1, 5, 13, 20, 23, 32, 27

Here i= 27 and the sorted list will contain [1, 5, 13, 20, 23, 32]. So in this case N=7 and we will have only seven comparison and one swap as the array is partially sorted, making it more efficient than Bubble and selection sort. Now let us take this algorithm as base and enhance it further.

Consider the following situation:

3, 5, 13, 20, 23, 32, 1

According to current code following will be the stages:

3, 5, 13, 20, 23, 1, 32

3, 5, 13, 20, 1, 23, 32

3, 5, 13, 1, 20, 23, 32

3, 5, 1, 13, 20, 23, 32

3, 1, 5, 13, 20, 23, 32

1, 3, 5, 13, 20, 23, 32

Here the Bold elements represent where assignments have been done.

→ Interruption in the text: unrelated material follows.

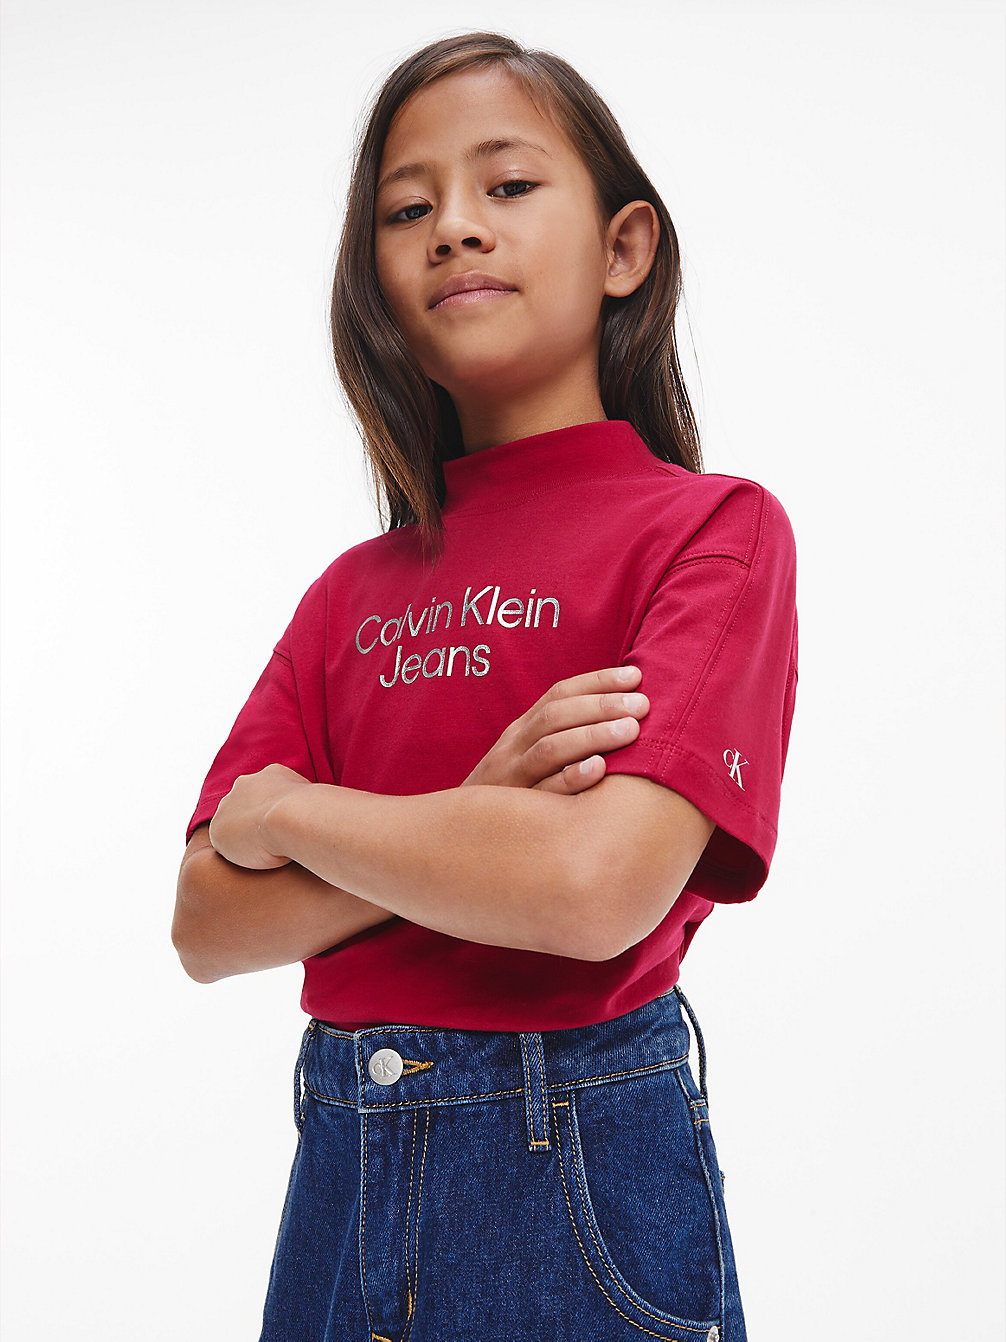 ROYAL BERRY Logo-T-Shirt undefined girls Calvin Klein

We would have 3 assignments per swap making it 6*3= 18 assignments during the process.

As it is evident that 1 has to go to the first so we will not assign it to any index until we find the element less than 1. So observe the following changes in the code

for(int i=0;i<size;i++)
{
int tmp = a[i];
int j = i;
for(j=i;j>0;j--)
{
if(tmp < a[j-1] )
{
a[j] = a[j-1];
}
else
{
break;  ---------------- (1)
}
}
a[j] = tmp;
} 
1. ( Break is very important as it stop the comparison as soon as a smaller element is encountered.)

According to these changes stages are as follows:

tmp = 1
3, 5, 13, 20, 23, 32, 32

3, 5, 13, 20, 23, 23, 32

3, 5, 13, 20, 20, 23, 32

3, 5, 13, 13, 20, 23, 32

3, 5, 5, 13, 20, 23, 32

3, 3, 5, 13, 20, 23, 32

1, 3, 5, 13, 20, 23, 32

No we can see that number of assignments have been reduced to 7+2 (9) in comparison to 18. It is not much but in embedded environment even one assignment matter.

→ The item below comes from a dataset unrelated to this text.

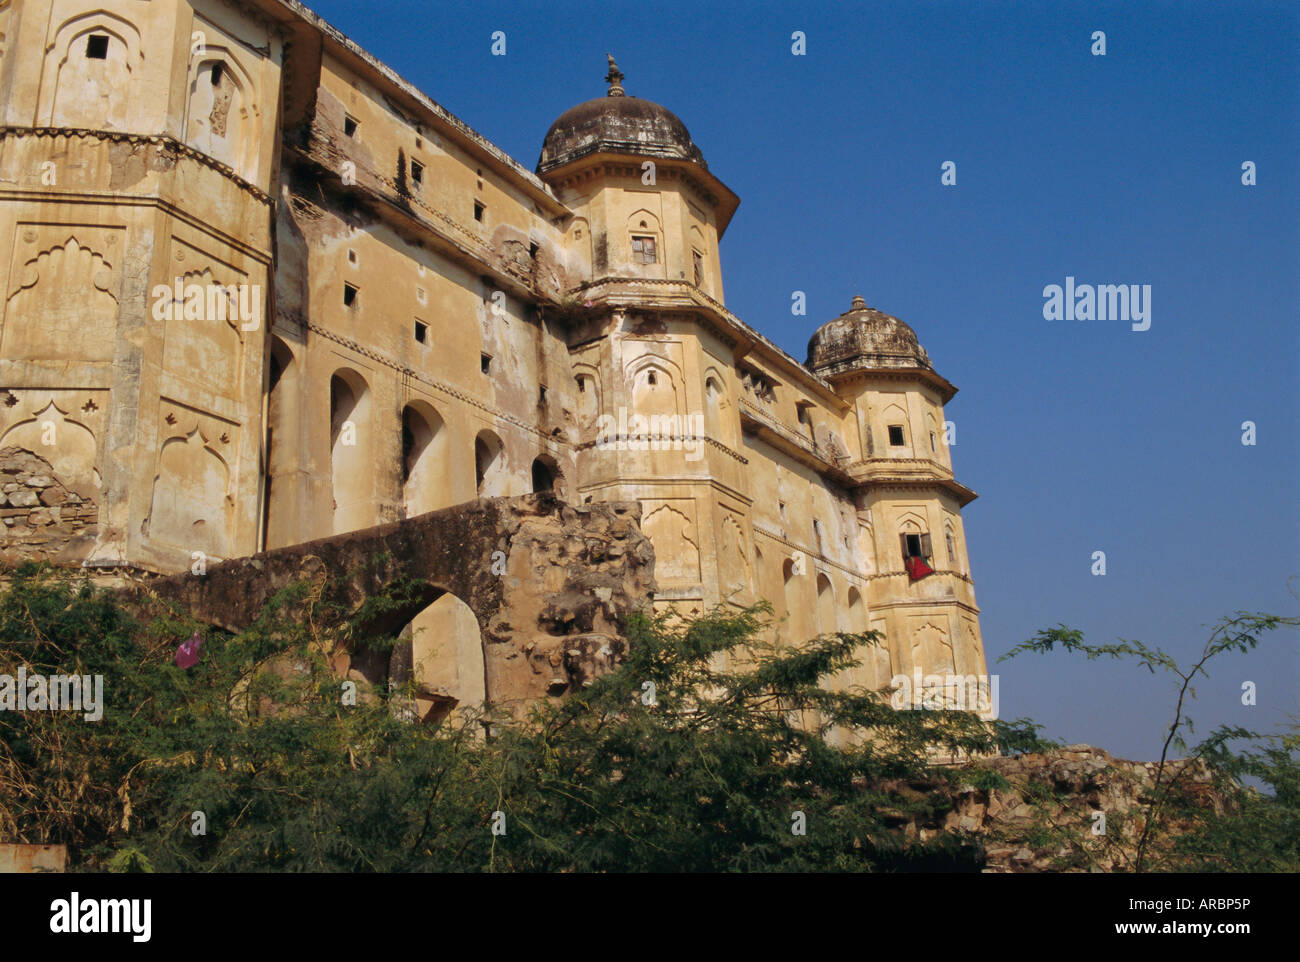 Amber Palace and Fort built in 1592 by Maharajah Man Singh, Jaipur, Rajasthan, India Stock Photo

Now that we have enhanced the insertion sort, let us analyse its complexity.

1st passage through the for loop → ­1 comparison and possible assignment.

2nd passage through the for loop → ­2 comparison and possible assignment.

N­ - 1 passage through the for loop → N - 1 comparison and possible assignment.

if C is the constant time required for one comparison, one assignment, loop condition checking and increment of j then total time → C*( N­ - 1 + N­ - 2 + ... + 2 + 1 )

Let K be the total cost for assignment of tmp variable and N variable and checking condition of on i then → K(N­ - 1) as outer loop is executed for N - ­1 time max

so final cost → C*( N (N­ - 1) /2 ) + K (N­ - 1) + K1 ~ O (N ^2)

K1 being some extra cost of initialization and other stuffs.

Now the extra space complexity is → c* 1 as only one extra variable last is used → O(1).

From this analysis it seems that insertion sort is no better than Bubble or selection sort in case of worst case. But given the property of the the Sample Data, we have partially sorted array with little number of inversion, thus leading to better performance of this algorithm.

Insertion sort propose the solution that most likely be used as the final solution, but in the next and final post of our TRIVIAL SORTING ALGORITHMS series, we will look in to the generic case of Insertion Sort also known as Shell Sort as our final and most viable solution.